「施設充実、戦力充実の私立。それに立ち向かう公立」
甲子園で判官びいきが起こる第一要因として挙げられるのがコレだ。ある意味では「弱い者を応援する」という義に沿っているが、もっと大きな要因があるのではないだろうか。
実は日本の高校の多くが国公立なのだ。現在、高校総数のうち、約75パーセントが公立校。生徒数では約70パーセントが公立の高校(中等教育学校なども含む)に在籍しているのだ。思ったよりも高い割合ではないだろうか。
さかのぼれば、公立の比率はもっと高くなる。つまり、日本人の大多数は国公立高校出身。
「オレは公立出身だから公立が好きだ!」
という主張を聞いたことはないが、大多数が無意識のうちに公立好きの傾向になるのも頷けるだろう。
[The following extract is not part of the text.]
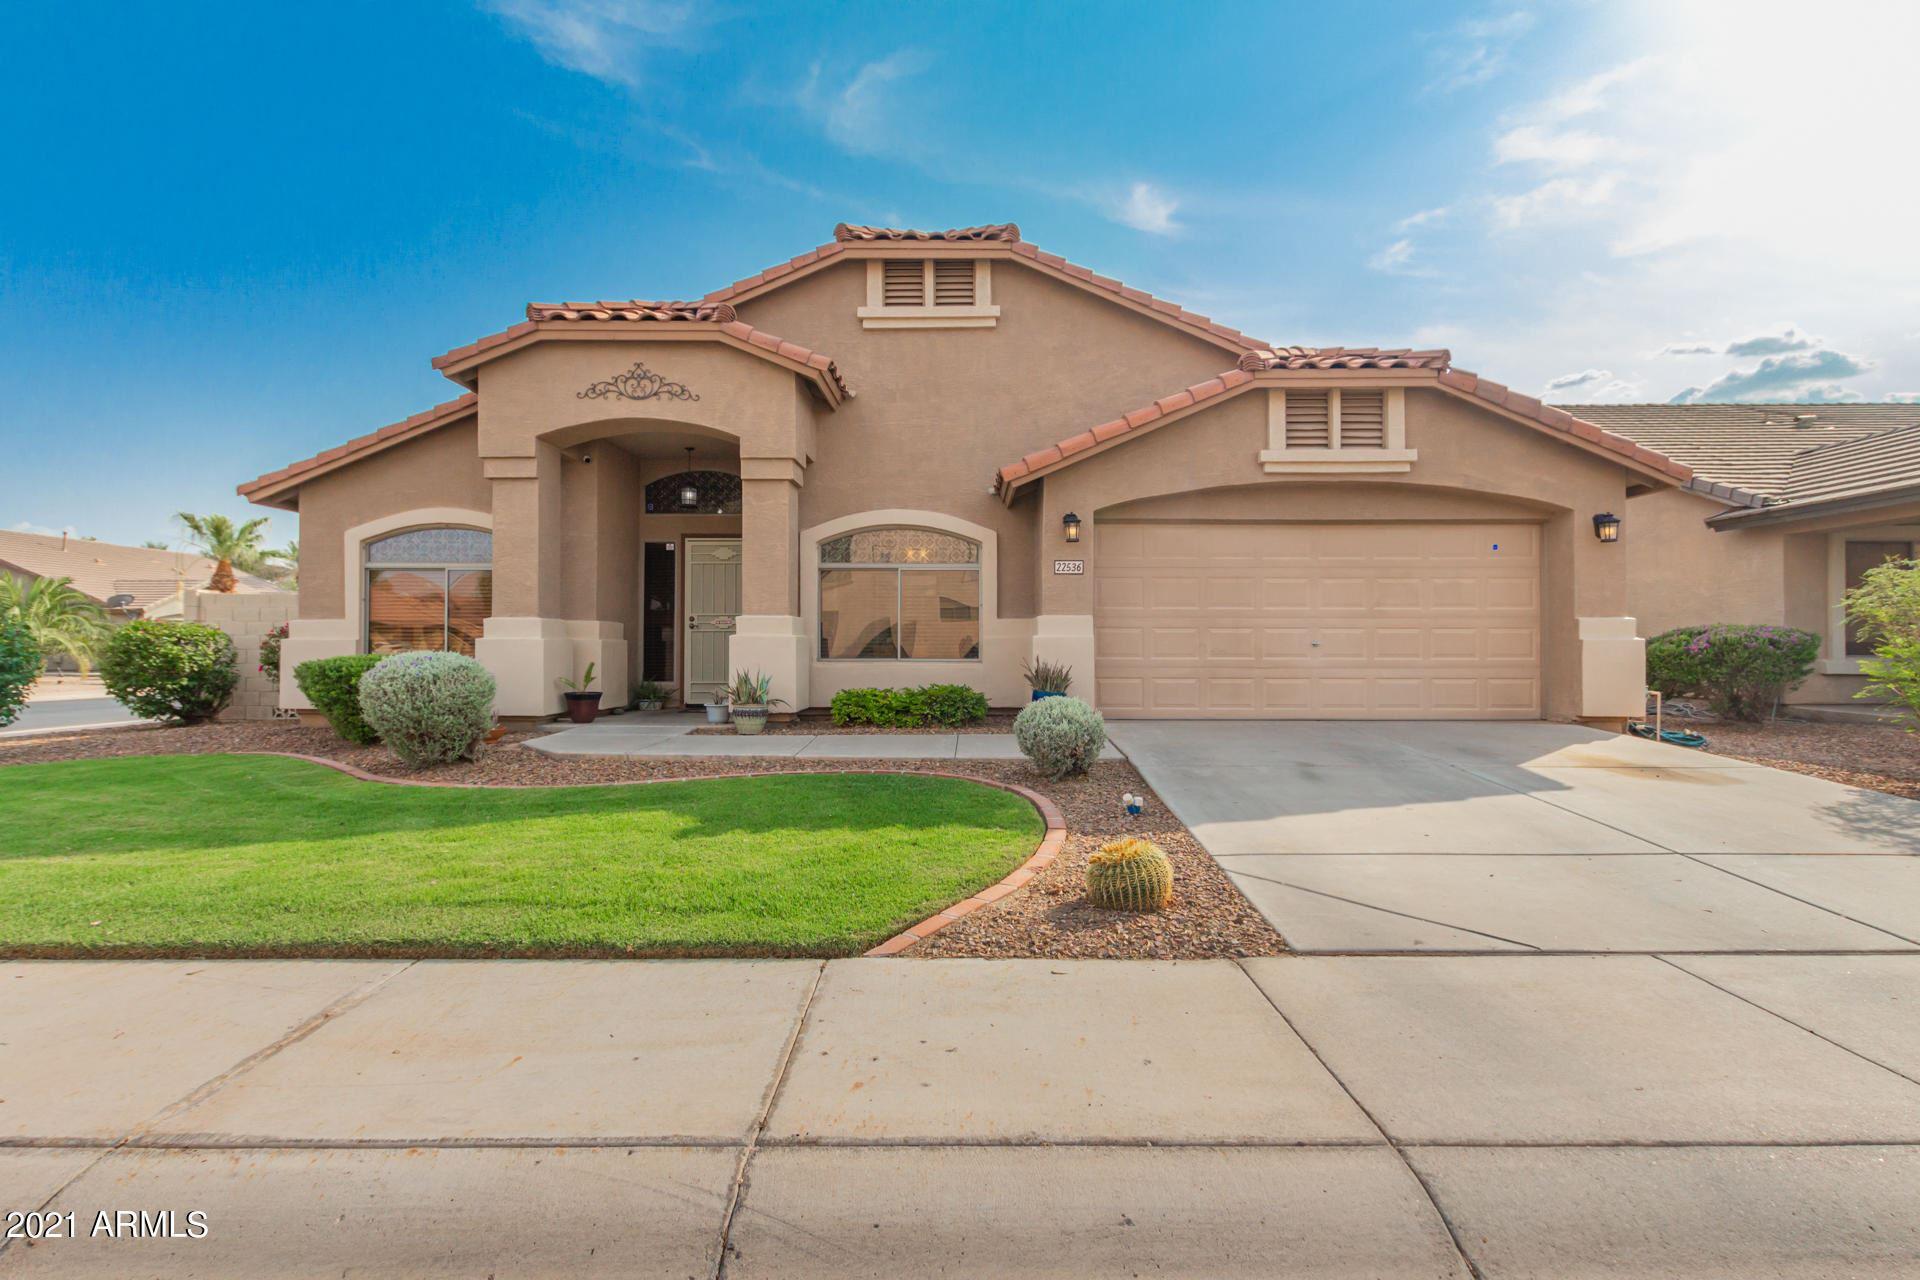 Photo for 22536 N HALEY Drive, Maricopa, AZ 85138 (MLS # 6265198)

そんな理由もあり、特別に高校野球ファンから大きな期待が注がれる公立校。過去の伝説的な旋風と同じような圧倒的な熱量を持ったブームを起こすのは、やはり公立校の可能性が高い。
それでは、この夏、甲子園に出場する公立校を紹介しよう。
・大曲工(秋田/県立/初出場)
・いなべ総合学園(三重/県立/6年ぶり2回目)
・市尼崎(兵庫/市立/33年ぶり2回目)
・市和歌山(和歌山/市立/2年ぶり5回目)
・境(鳥取/県立/初出場)
・出雲(島根/県立/初出場)
・鳴門(徳島/県立/5年連続11回目)
・唐津商(佐賀/県立/5年ぶり5回目)
・長崎商(長崎/県立/29年ぶり7回目)
・嘉手納(沖縄/県立/初出場)
スポーツ新聞などの予想でもっとも下馬評が高いのは、春夏連続出場のいなべ総合学園。校名的には私立っぽさがあるが、県立校で13万平方メートルの広大な敷地を持つ。うち体育施設は6万平方メートルにも渡り、充実した環境の“ニュータイプ公立校”といえるだろう。
また、鳴門も「徳島県内無敵」と名高い。ちなみに徳島県は現在に至るまで私立校の甲子園出場がない全国唯一の地区だ。
そのほかの学校は残念ながら高い下馬評を得てはいないが、逆にいえば“旋風”に期待できる。特に境、出雲の山陰勢や大曲工は、近年不調の県勢の鬱憤を晴らす活躍ができれば即旋風だろう。
初出場の嘉手納にも判官びいきの期待がかかる。ただでさえ沖縄は公立や私立を問わず、旋風が起きやすい“特区”。旋風マニアにはたまらない注目校だ。